Lecture 11 Convolutional Neural Networks (3/3)

Recap
1. Convolutional Neural Network
  1. Giant MLP with shared parameters.
  2. Stack of convolution layer, pooling layer and MLP.
  3. Filters are perceptions with weights and biases.
2. Training CNN
  1. Similar to regular MLP.
    1. Provide examples.
    2. Define divergence.
      1. $Loss = \frac{1}{T} \sum_{i=1}^T div(Y_i, d_i)$ .
    3. Gradient descent.
      1. Initialize all weights and biases
      2. For every layer l for all filter indices m, update:
        
        $w(l, m, j, x, y) = w(l, m, j, x, y) - \eta \frac{dLoss}{dw(l, m, j, x, y)}$
      3. Until err has converged.
Backpropagation
1. Convolutional layer
  1. For every $l^{th}$ layer filter, each position in the map in the $(l-1)^{th}$ layer affects several positions in the map of the $l^{th}$ layer.
  2. Forward computation: $Y(l - 1) \overset{filter}{\rightarrow} Z(l) \overset{activation}{\rightarrow} Y(l)$
  3. Backpropagation: .
    1. $\frac{dDiv}{dz(l,m,x,y)} = \frac{dDiv}{dY(l,m,x,y)}f'(z(l,m,x,y))$
    2. Each affects several terms.
      1. $\frac{dDiv}{dY(l-1,m,x,y)} = \sum_n \sum_{x'y'} \frac{dDiv}{dz(l,n,x',y')} \frac{dz(l,n,x',y')}{dY(l-1,m,x,y)} = \sum_n \sum_{x'y'} \frac{dDiv}{dz(l,n,x',y')} w_l(m, n, x - x', y - y')$ . Assuming indexing is from 0.
      2. It is obtained by flipping the filter left-right, top-bottom, and computing the inner product with respect to the square patch of $\frac{\partial Div}{\partial z}$ ending at (x, y). Need to use zero pad for it.
    3. Each also affects several terms for every n.
      1. Affect terms in only one z map.
      2. All entries in the map contributes to the derivative of the divergence w.r.t $w_l(m,n,x'y')$ .
      3. $\frac{dDiv}{dw_l(m,n,x,y)} = \sum_{x'y'} \frac{dDiv}{dz(l,n,x',y')} \frac{dz(l,n,x',y')}{dw_l(m,n,x',y')} = \sum_{x'y'} \frac{dDiv}{dz(l,n,x',y')} Y(l-1, m, x +x', y + y')$ .

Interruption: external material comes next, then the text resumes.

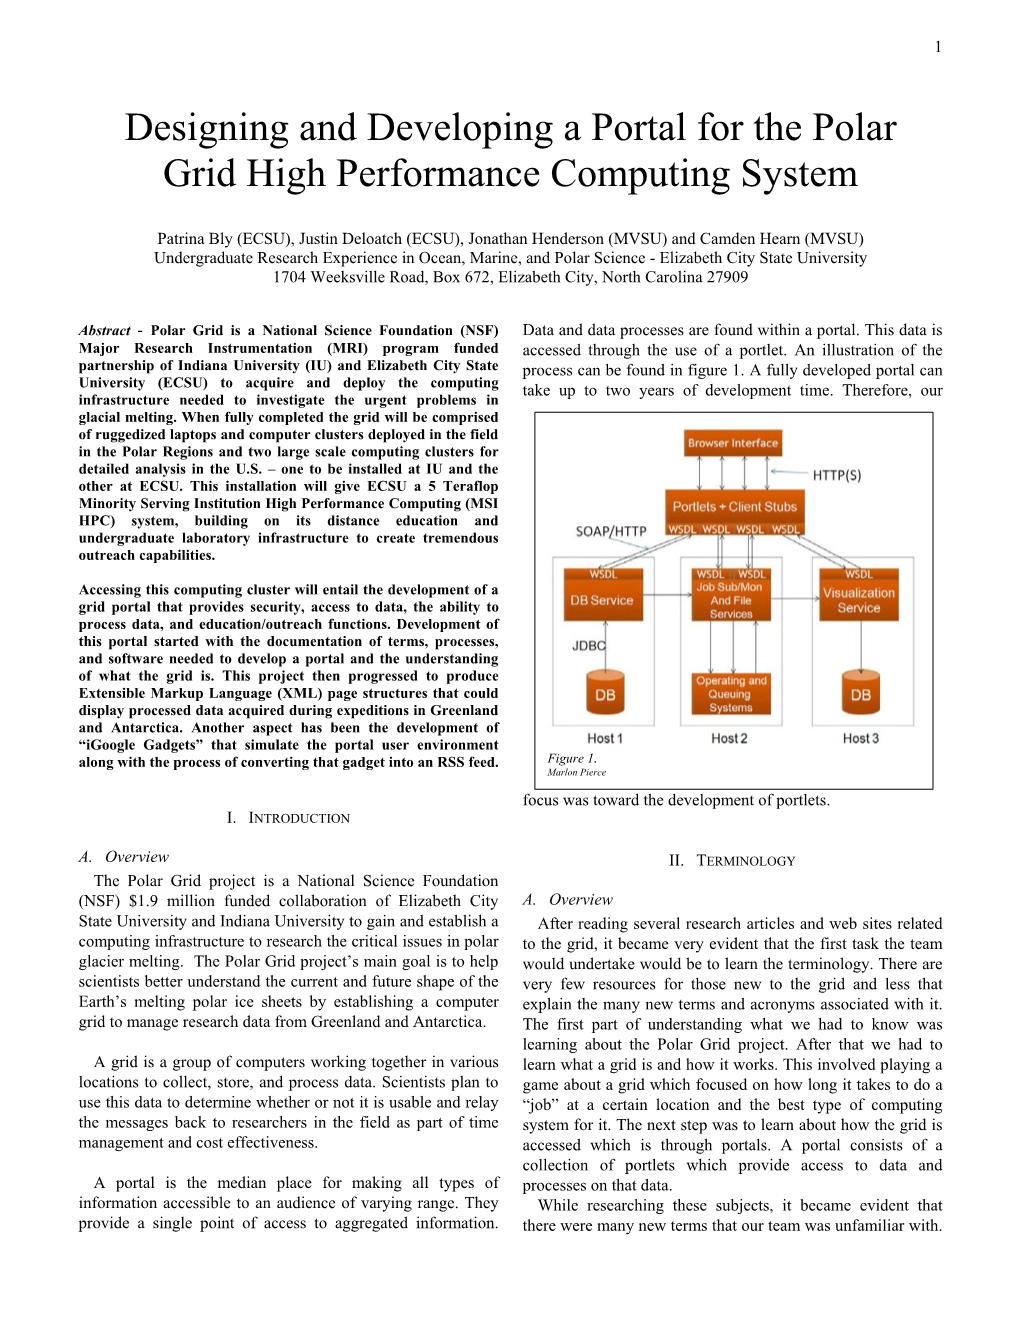 Designing and Developing a Portal for the Polar Grid High Performance Computing System

2. Pooling and downsampling
  1. Derivative of max pooling
    1. $\frac{dDiv}{dY(l,m,k,l)} = \frac{dDiv}{dU(l,m,i,j)} \text{ if } (k, l) = P(l,m,i,j) \text{ else } 0$ .
  2. Derivative of mean pooling
    1. $dy(l,m,k,n) = \frac{1}{K_{lpool}^2}du(l,m,k,n)$ .
Transposed Convolution.
1. Subsequent maps can increase in size.
  1. Add a layer of increased size.
  2. However, maintaining symmetry.
  3. Each neuron has the same number of outgoing weight.
2. In shrinking layers, the same number of incoming weights.
3. In expanding layers, the same number of outgoing weights.
4. 2D Expanding convolution:t
  1. $z(1, i, j) = \sum_m \sum_k \sum_l w(1, m, i - kb, j - lb)l(m, k, l)$ .
  2. b is the stride.
  3. Output size is typically an integer multiple of input.
Tranform Invariance
1. Problem: Currently, CNN provides shift invariance. However, require for rotation, scale, reflection invariance.
2. Solution: Each filter produces a transformed invariance. Enumerated transformed.
Other Model Variations
1. Bounding estimation
2. Pose estimation
3. Very deep networks
  1. ResNet
4. Depth-wise convolutions
  1. Each filter produce a convoluted maps and add them up. Parameter reduction.